Entertainment – Manchester is particularly good for NH entertainment. From the 10,000 seat Verizon Wireless Arena on down, the city has several venues for productions of all sizes. There is always something going on. Your best option is to locate a copy of the Hippoupon arrival (distributed in more than 1200 locations) and scan the numerous listings. Their print vs. online versions have no comparison – pick up a copy!
If you are dying to use French language skills, or would enjoy knowing more about the culture, check out the many programs, lectures and informal gatherings offered by the Franco-American Centre.
If you have kids, you may want to visit Livingston Park, or travel to 6-7 miles north to Hooksett, and visit the Cinimagic & IMAX theater, Space Center or Cowabunga’s or 10-12 miles east to Charmingfare Farm or Liquid Planet Water Park. For sky-high adventure, travel 15 minutes south to SkyVenture and be sure to try their new wave pools, etc.
Museums - The city has several diverse museums, the largest two being the Currier Museum of Art and the See Science Center. Kids will especially enjoy the latter with their many 'hands on' exhibits. Others include:
The Amoskeag Hydro Station sponsors the Amoskeag Fishways, an environmental learning center featuring a 54 step fish ladder.

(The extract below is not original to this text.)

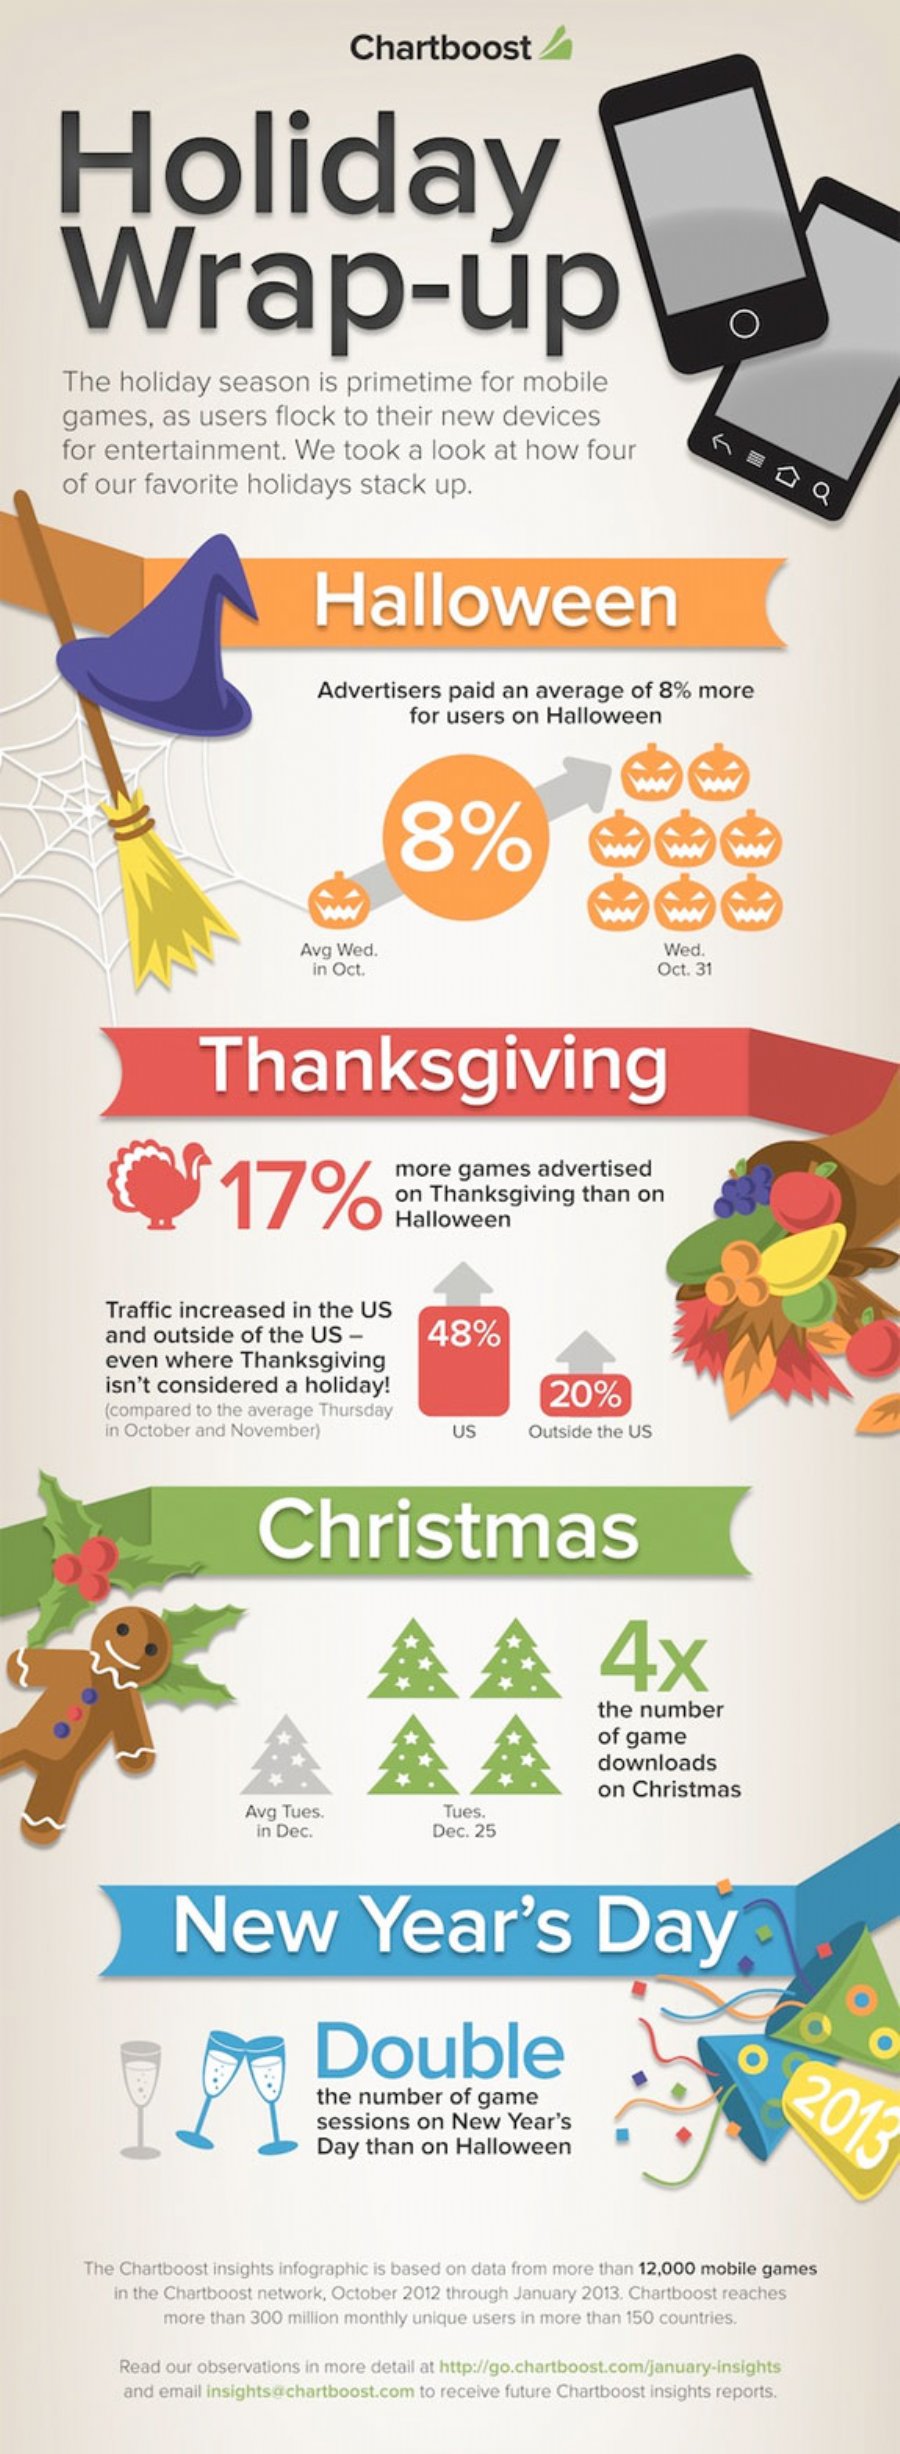 Chartboost releases their 2012 Holiday Wrap up

Sports – Manchester is home to a small ski area, and two semi pro sports teams, the Manchester Monarchs and NH Fisher Cats. 22 Miles northwest will bring you to Pat’s Peak, a quite nice ski area.
If you are still looking for more, and are willing to travel out a little further, consult www.tripbuzz.com or www.DirectoryNH.com.
Manchester is NH’s and Northern New England’s largest city with a population of about 110,000 and is often found in lists of ‘most livable’ cities, etc. It’s located on the banks of the Merrimack River and is near Massabesic Lake. Envisioned, planned and built as a great industrial center, in large part because of river enabled turbine power, Manchester became home to the largest cotton mill in the world. Other products included shoes, cigars, paper, rifles, sewing machines, fire engines and railroad locomotives. The many factories were immigration magnets for worker hungry factories. French Canadians were the predominate respondents.
Today most heavy manufacturing has left the city but the numerous historic mill buildings have been reborn as offices, museums, light manufacturing and retail spaces. Now a commercial, cultural and education center, Manchester's economy is quite vibrant and hosts several colleges, museums, the 10,000 seat Verizon Wireless Arena, a large mall and several shopping centers. The downtown area is heavily trafficked and quite diverse.
Almost all the Metro Manchester lodging is ‘national brand,’ typical accommodations. With high real estate costs, and few nearby bodies of water, area cabin and cottage offerings are few.